Central European University
Welcome! This repository contains everything you need for this course: teaching materials, datasets, exercises, assignments, and resources for learning practical data skills.
Real data is messy. Real questions require SQL. Real work needs reproducible pipelines.
In this course, you'll learn the day-one skills that analysts and data scientists use every day:
- Tidy data principles – structuring data for analysis
- SQL with DuckDB – querying, aggregating, joining, and window functions
- JSON/API ingestion – turning messy nested data into clean tables
- Multi-stage pipelines – bronze → silver → gold patterns
- Validations as code – proving your data is correct
- Stakeholder communication – explaining what you found and why it matters
By the end, you'll handle 500K-row datasets, write production-quality queries, and build reproducible analysis pipelines.
Instructor: Eduardo Ariño de la Rubia
Email: [email protected]
Office: Room A104
Office Hours: Schedule at cal.com/earino
Format: Three full-day sessions (2 blocks per day)
Credits: 1.0 (runs alongside Coding 1 and Data Science 1)

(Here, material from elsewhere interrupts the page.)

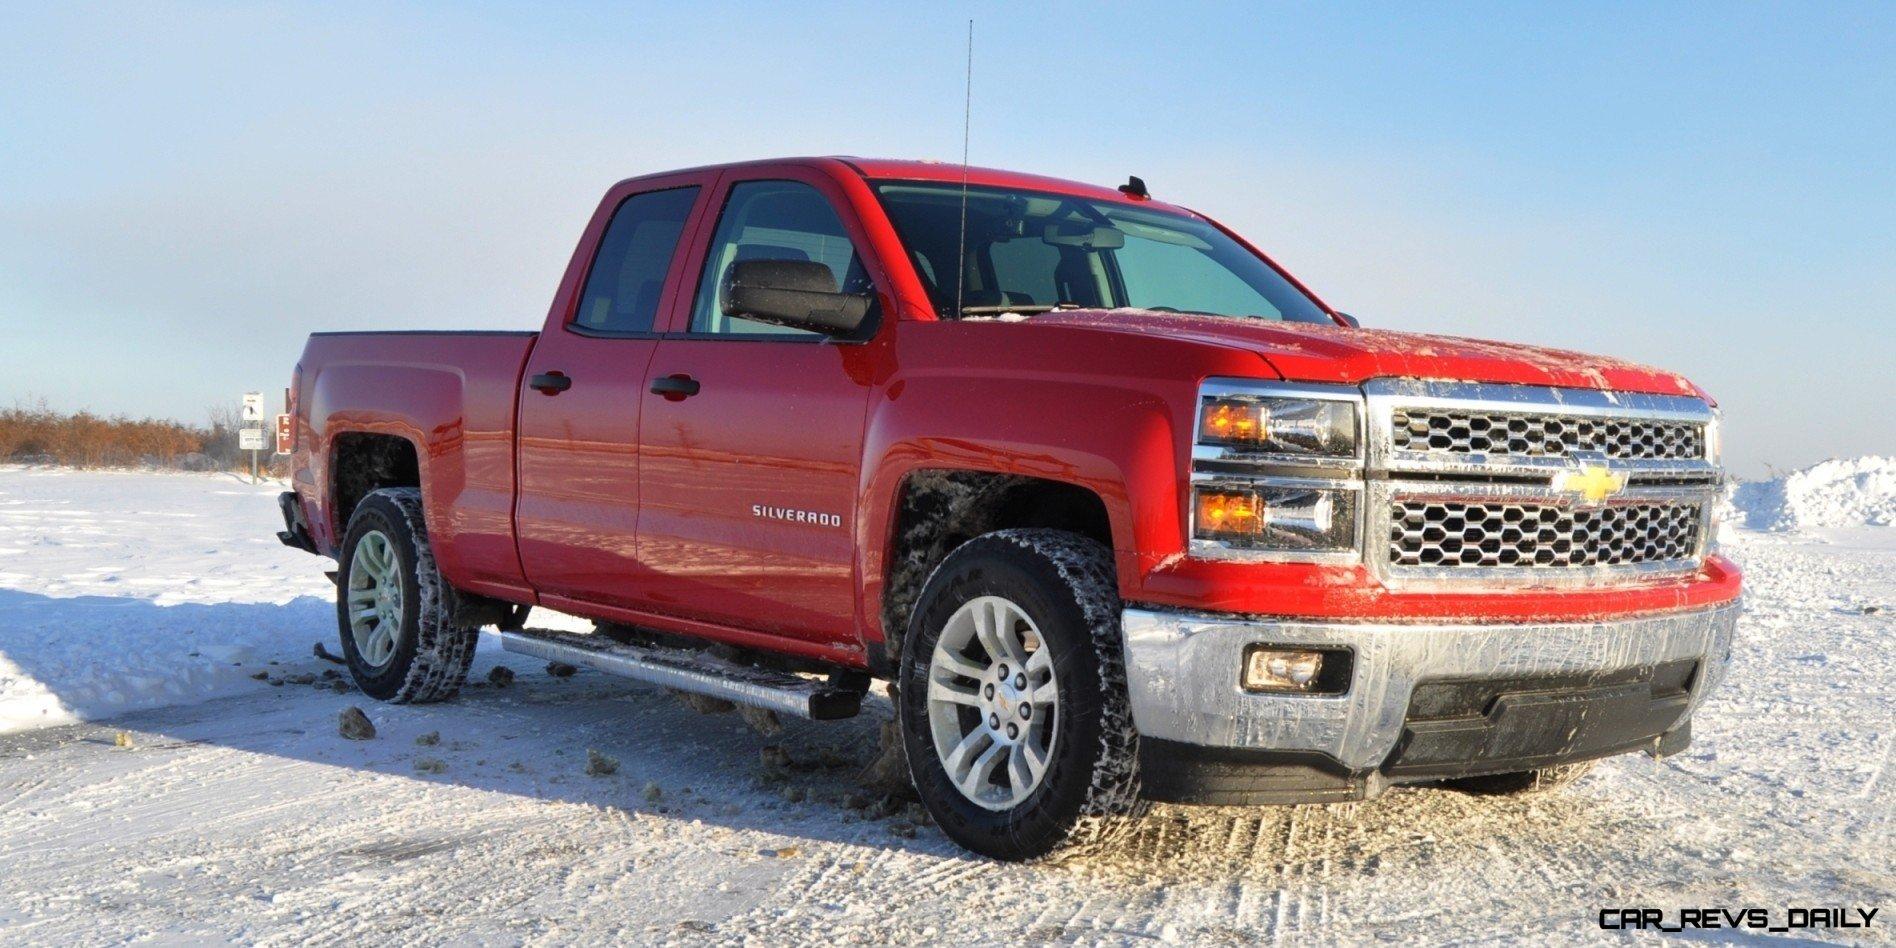 2014 Silverado 1500 LT An All-Star Truck for All Seasons – 120+ High
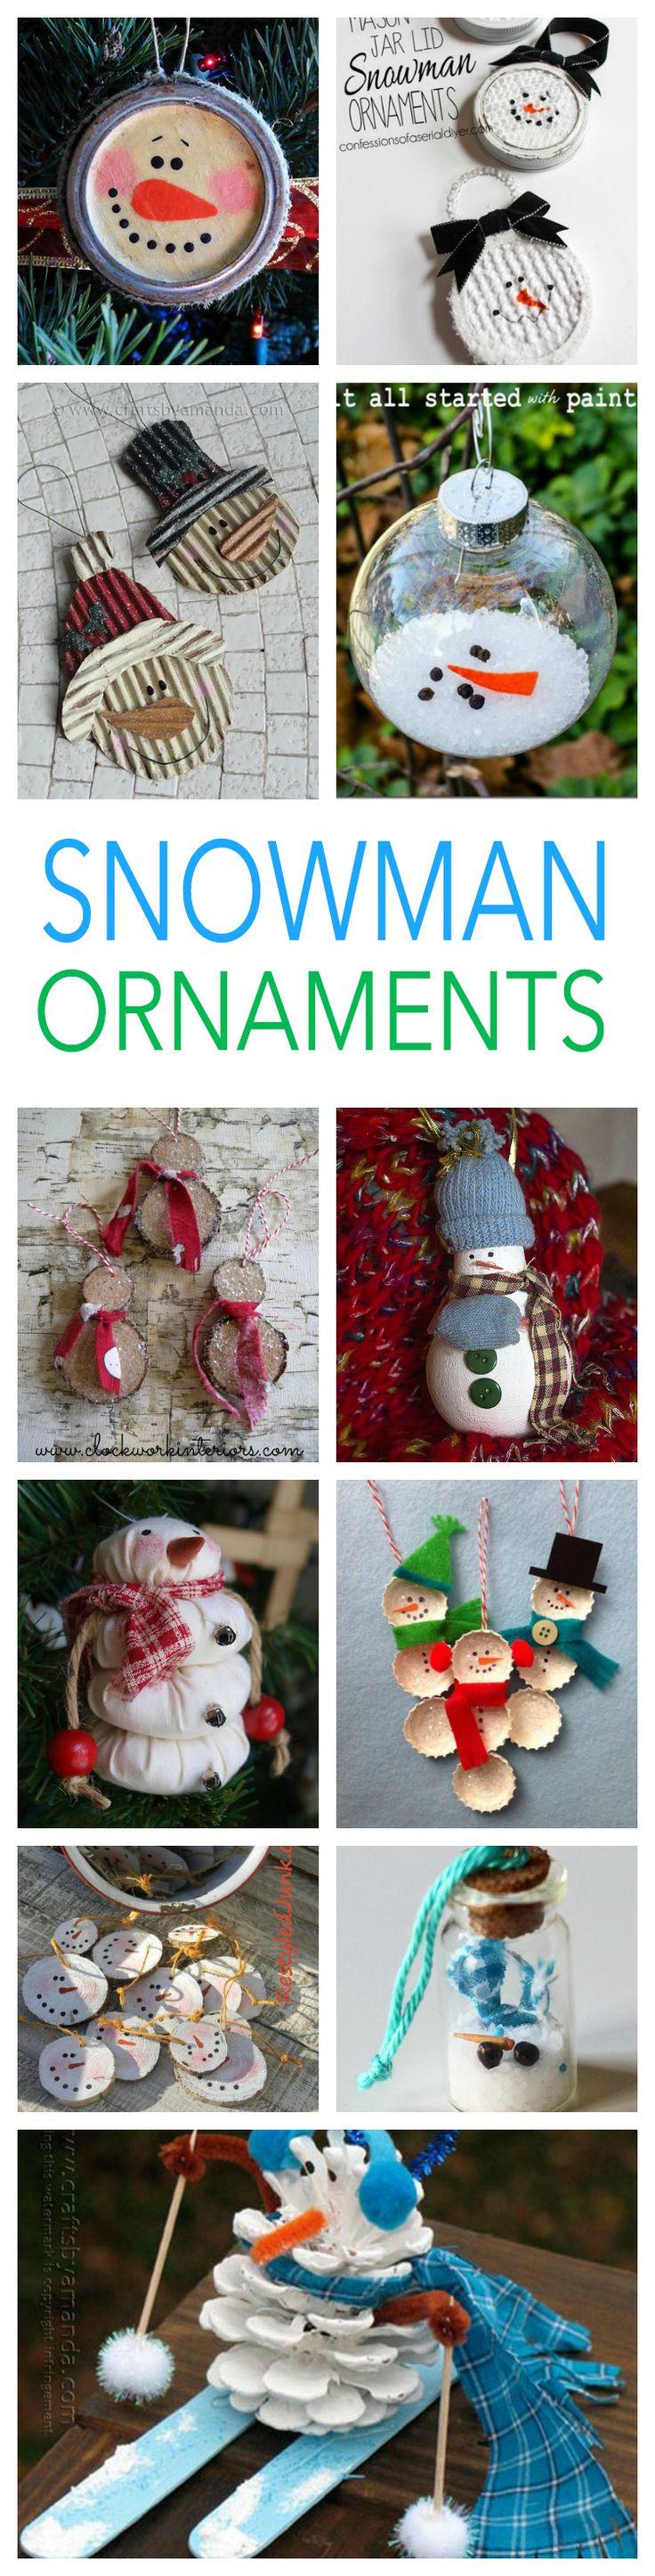 27 Diy Snowman Ornaments For Christmas: Snowman Ornament Crafts

📄 Full syllabus with dates: syllabus.md
-
Clone this repository:
git clone https://github.com/earino/ECBS5294.git cd ECBS5294 -
Set up your environment:
- Python 3.x
- JupyterLab or VS Code
- DuckDB (
pip install duckdb) - Git
-
Test your setup:
jupyter lab notebooks/day1_setup_check.ipynb
-
Bring your laptop to every class!
ECBS5294/
│
├── data/ # Teaching datasets (offline, provided)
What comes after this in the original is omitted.